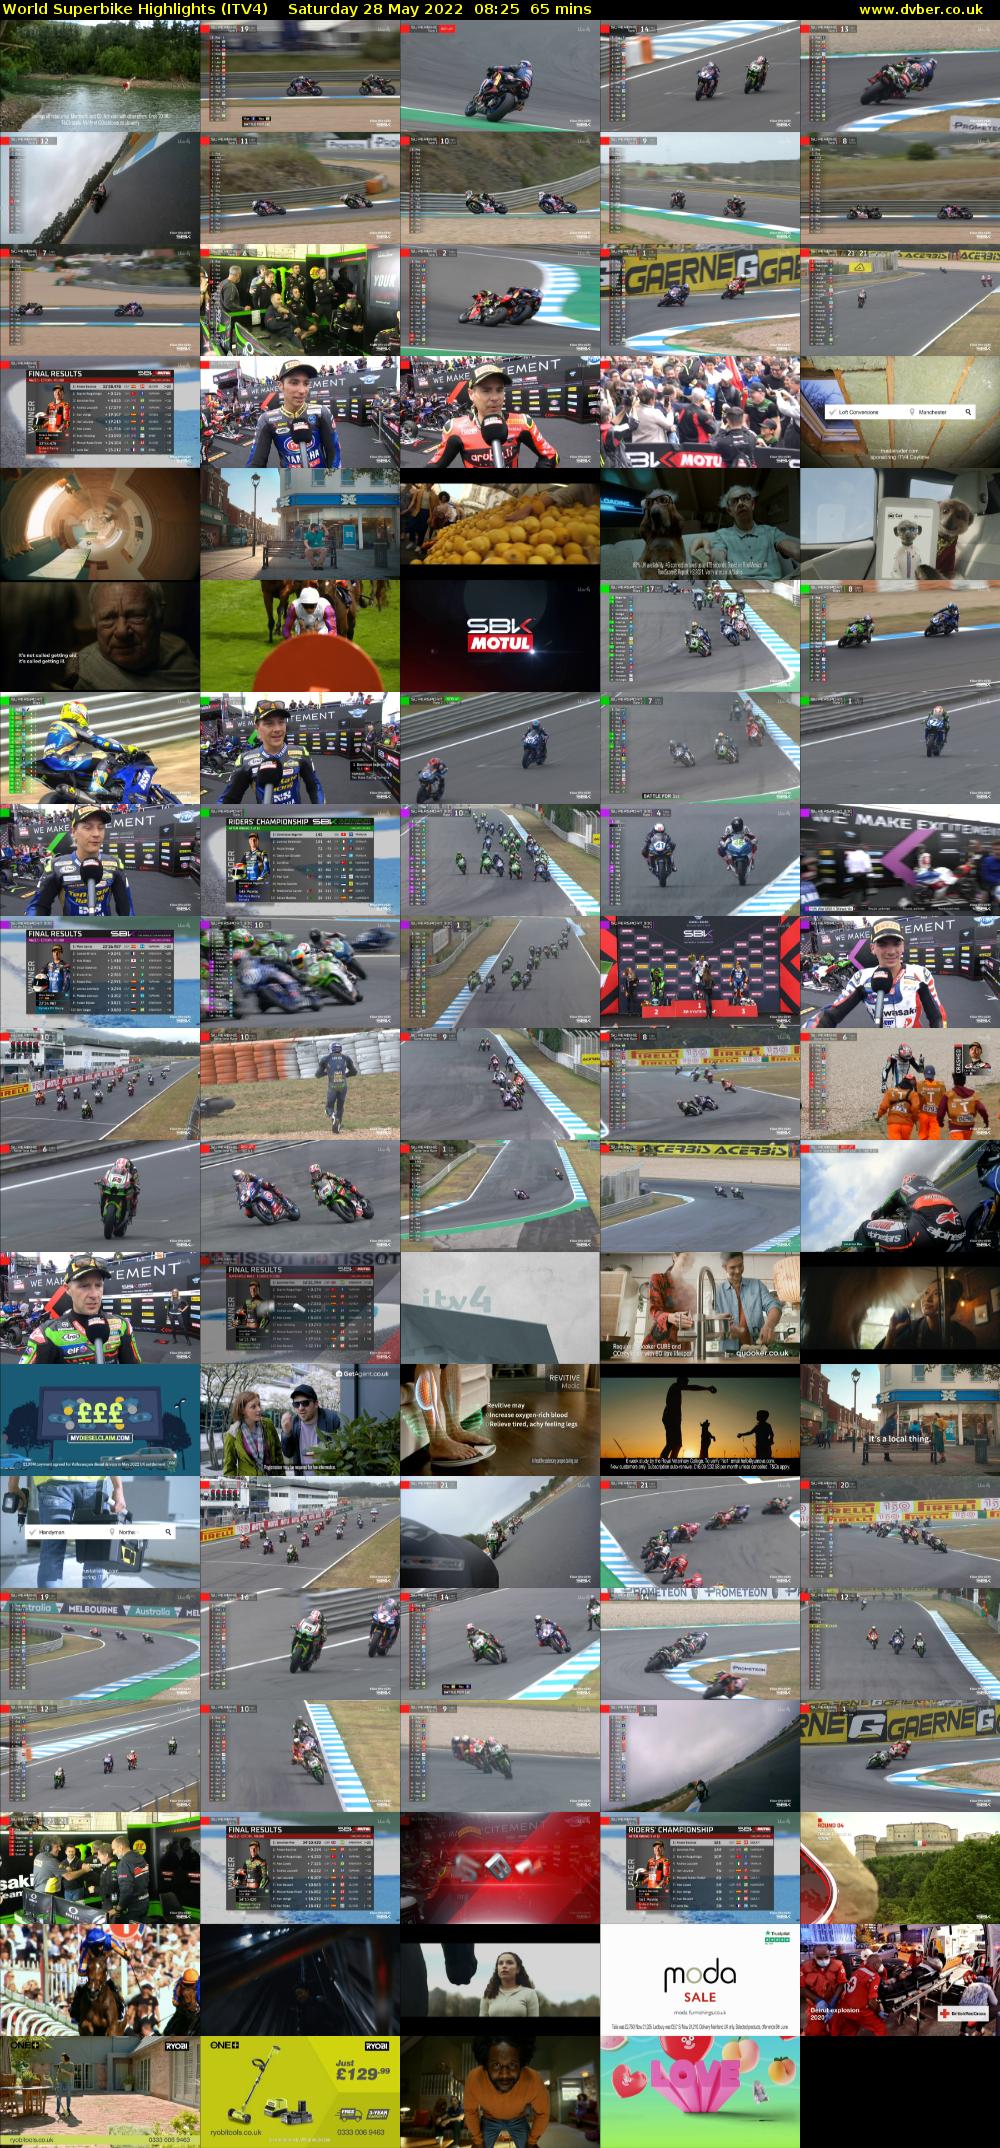 World Superbike Highlights (ITV4) Saturday 28 May 2022 08:25 - 09:30
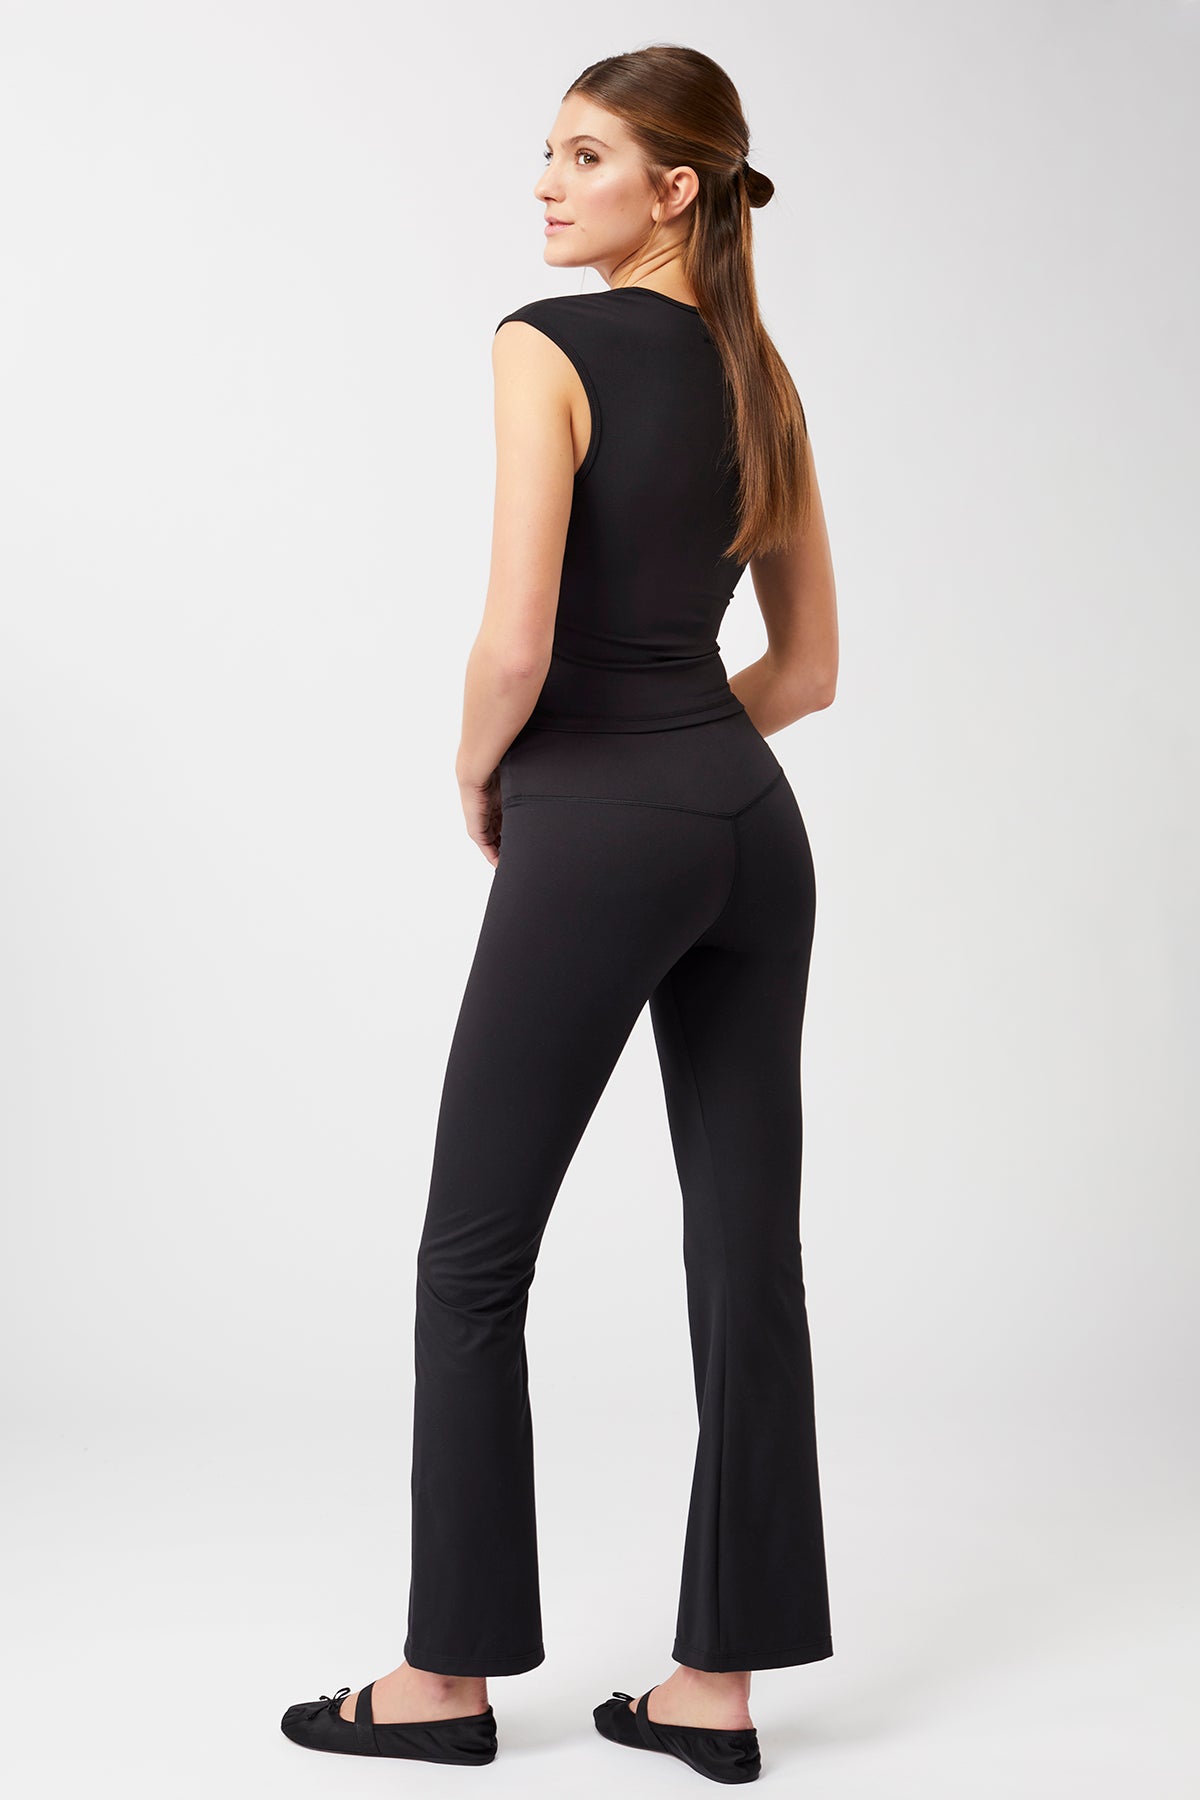 Mandala Yoga Top Schwarz Outfit Rückseite - Basic Top
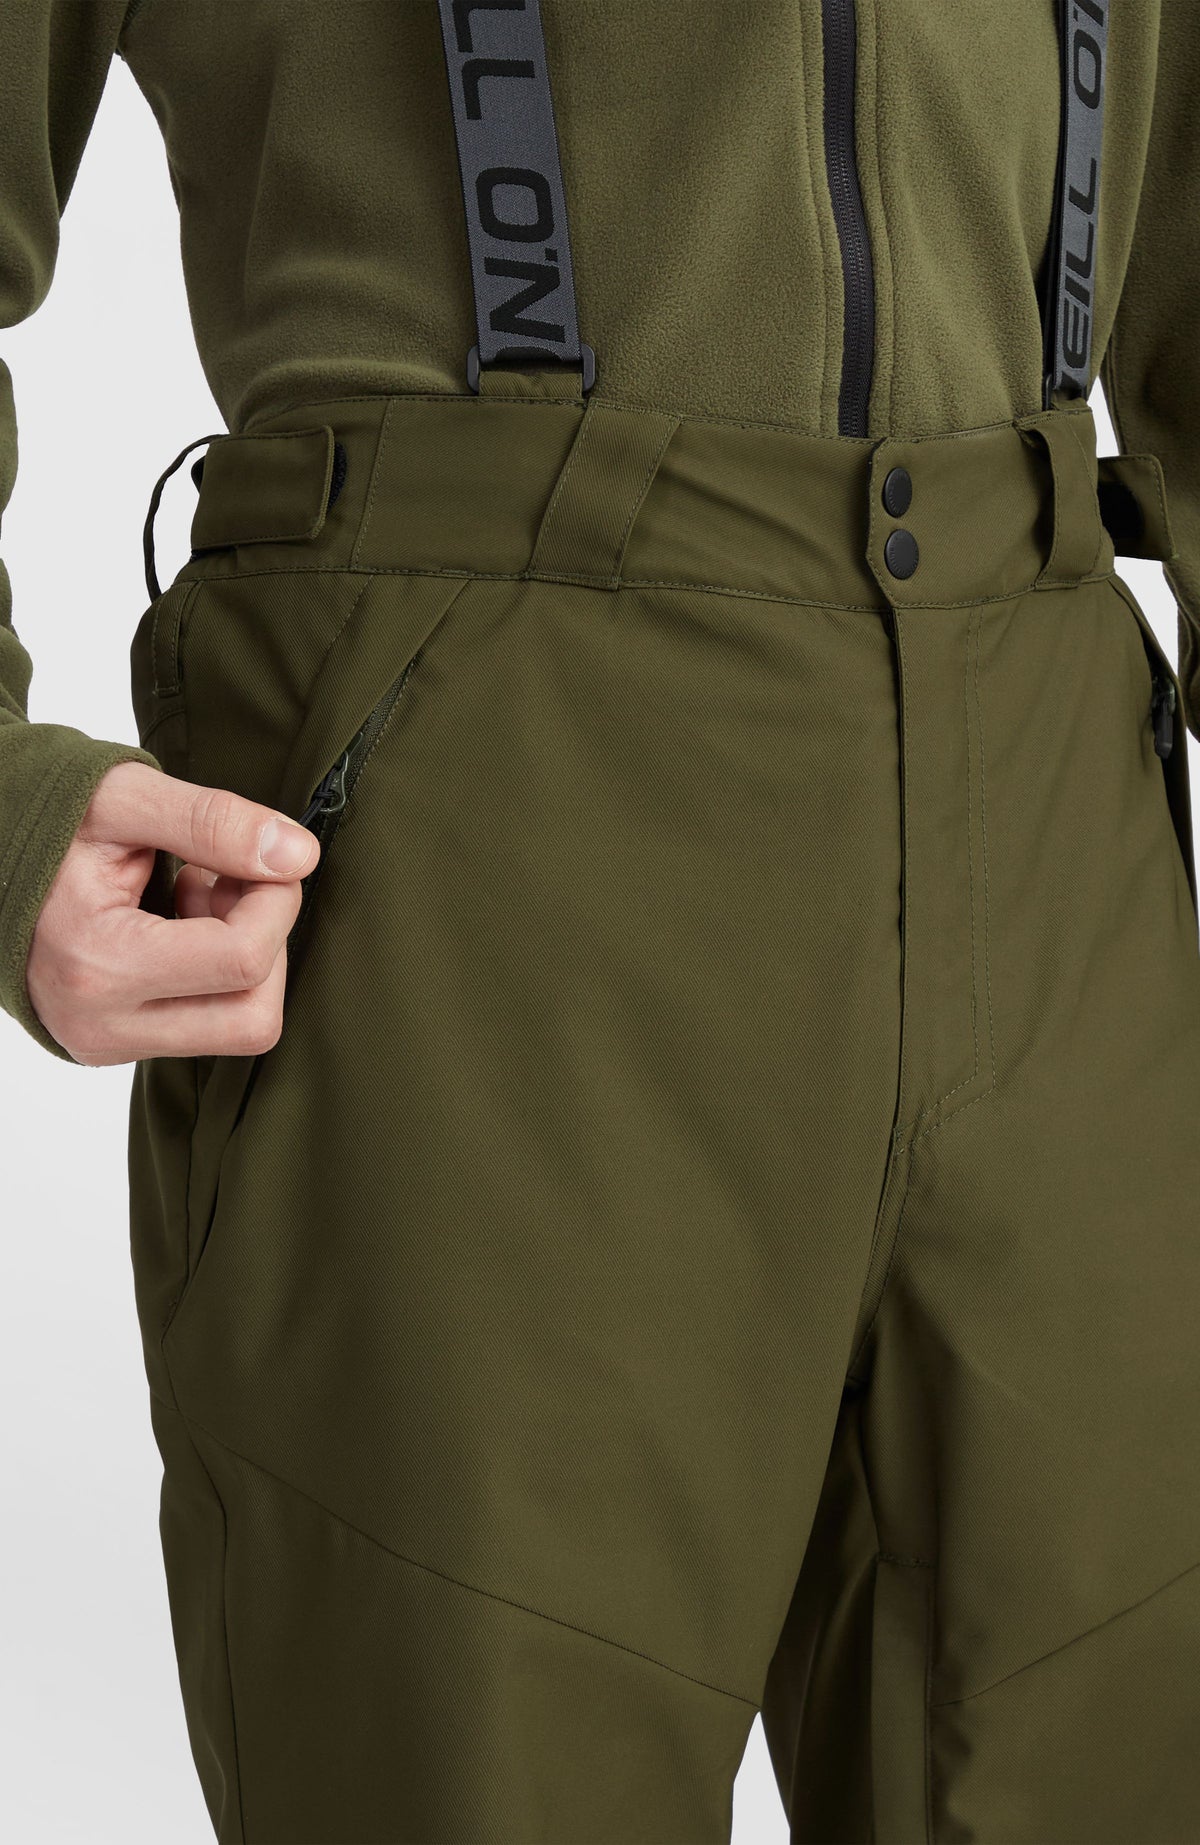 Buy 8 Sets Overall Strap Adjuster Suspender Buckles Mens Pants
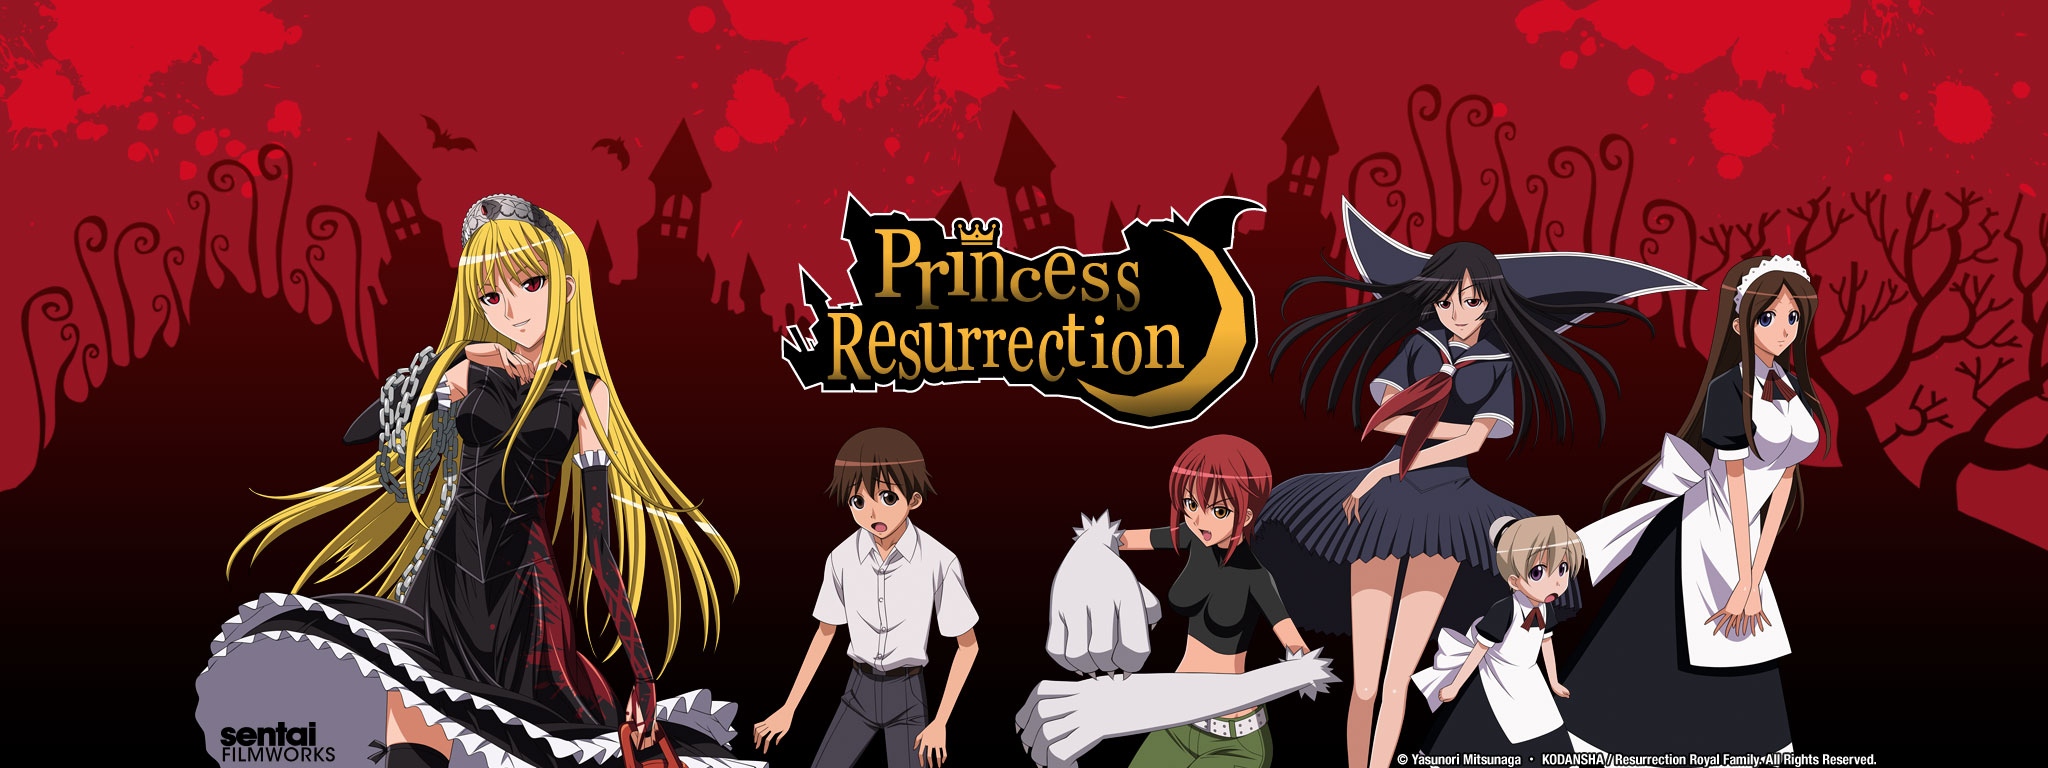 Title Art for Princess Resurrection

= Exercise instructions =
Word for word and without pictures, restate only the lines running from the one that contains "Buy 8 Sets Overall" through the last line of the listing above.

= Output for this task =
 Buy 8 Sets Overall Strap Adjuster Suspender Buckles Mens Pants
 Title Art for Princess Resurrection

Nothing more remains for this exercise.